WHAT YOU HAVE TO DO>
Copy out all the lines of the data precisely, omitting any pictures.

DATA BLOCK>

*** Begin section ***

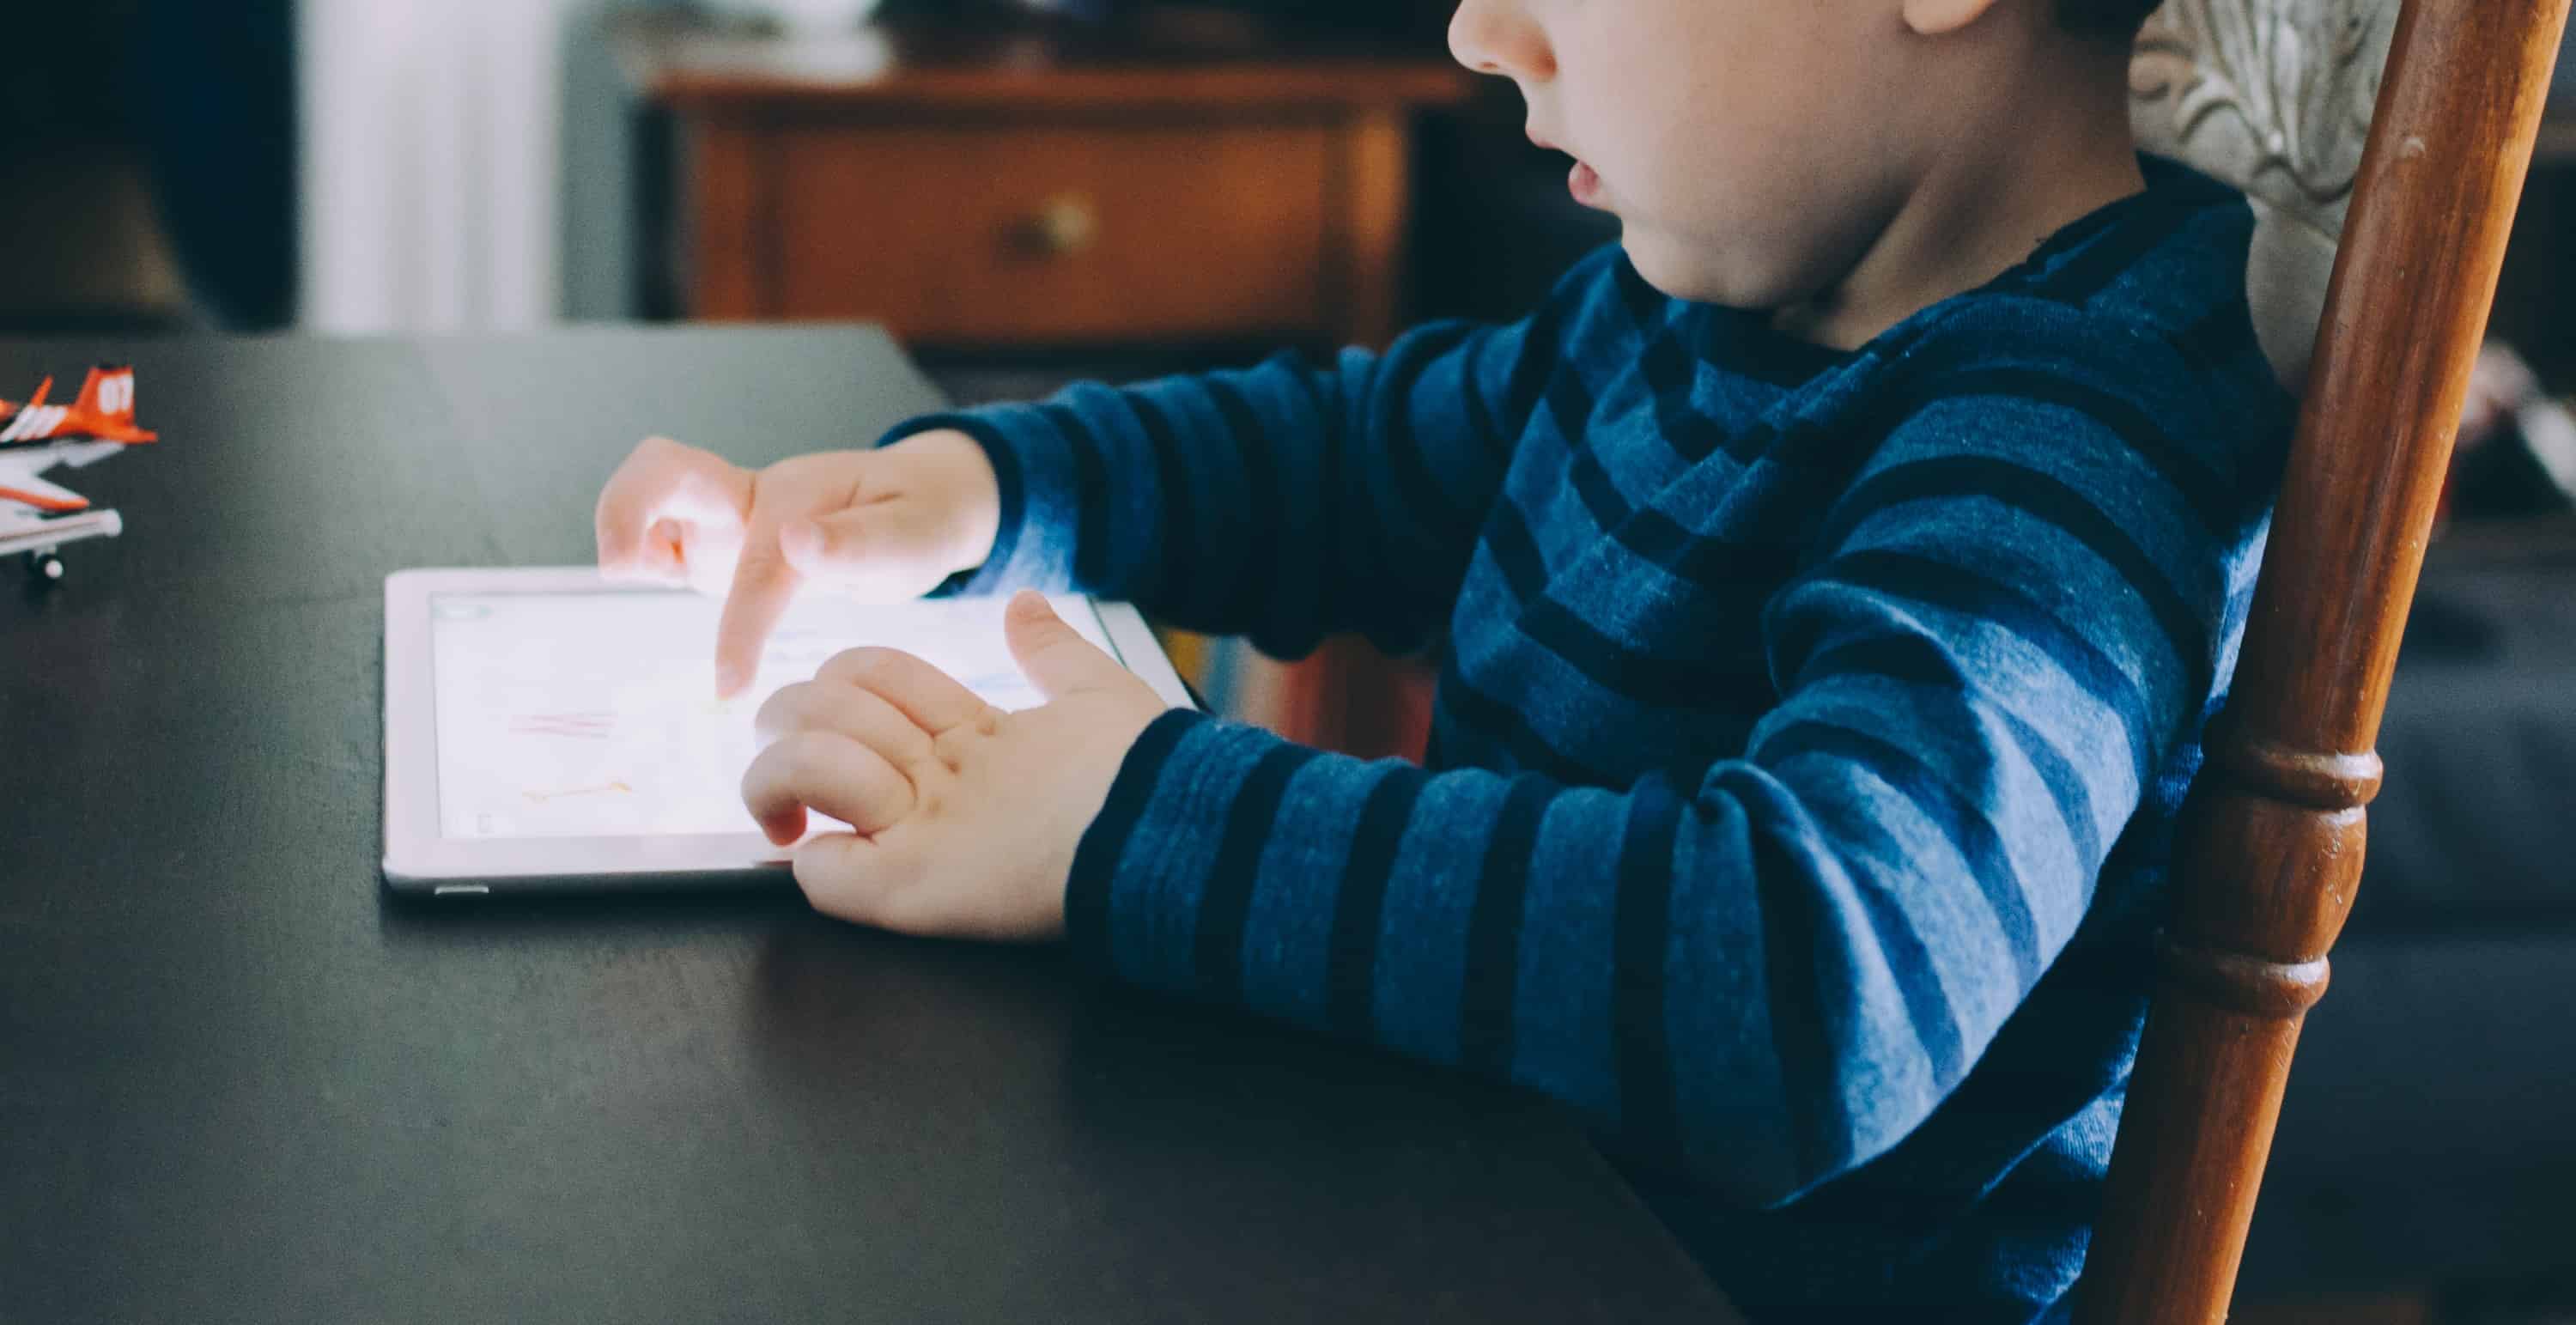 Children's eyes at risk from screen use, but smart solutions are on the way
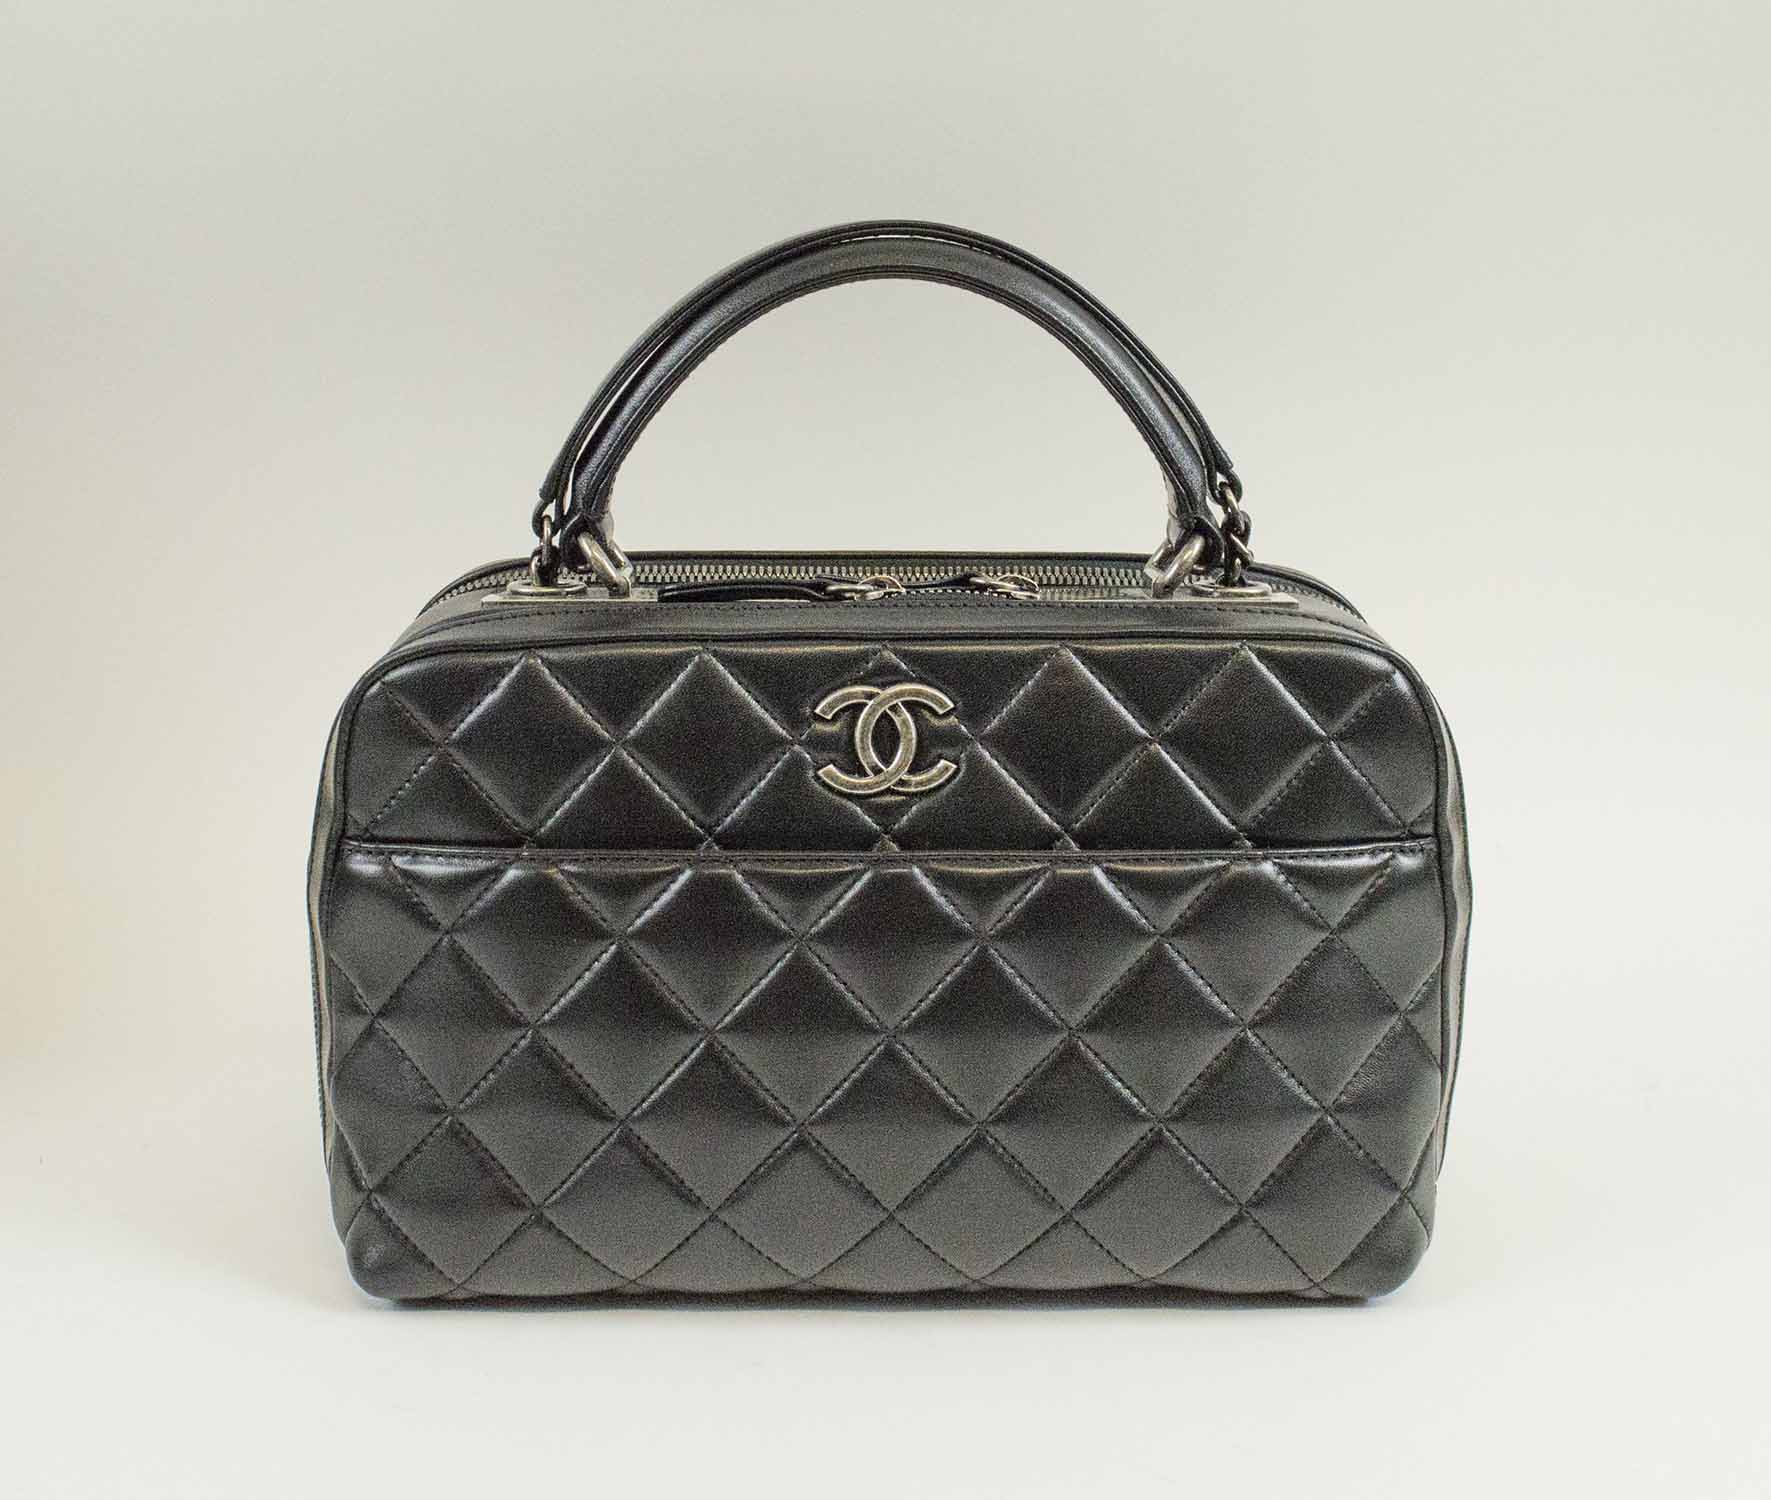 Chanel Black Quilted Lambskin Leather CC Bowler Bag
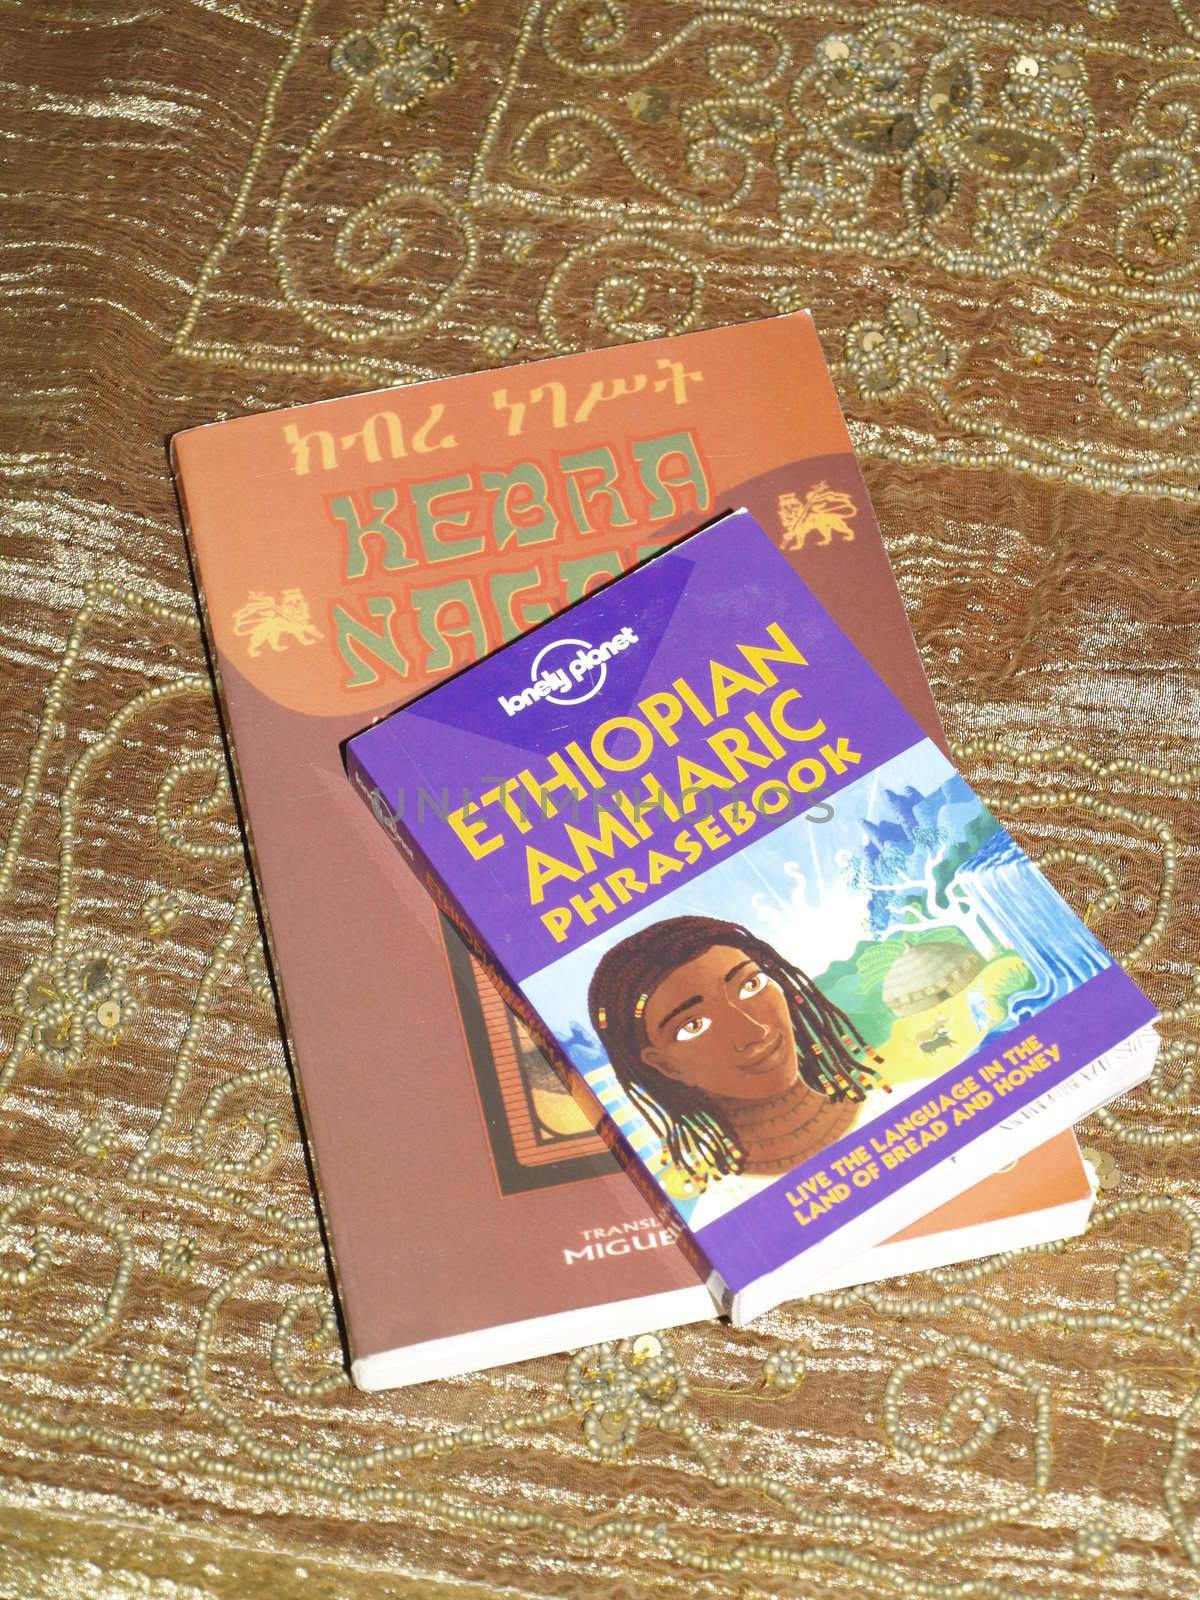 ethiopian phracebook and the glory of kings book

*** End section ***

FINISHED TASK>
 Children's eyes at risk from screen use, but smart solutions are on the way
 Chanel Black Quilted Lambskin Leather CC Bowler Bag
 ethiopian phracebook and the glory of kings book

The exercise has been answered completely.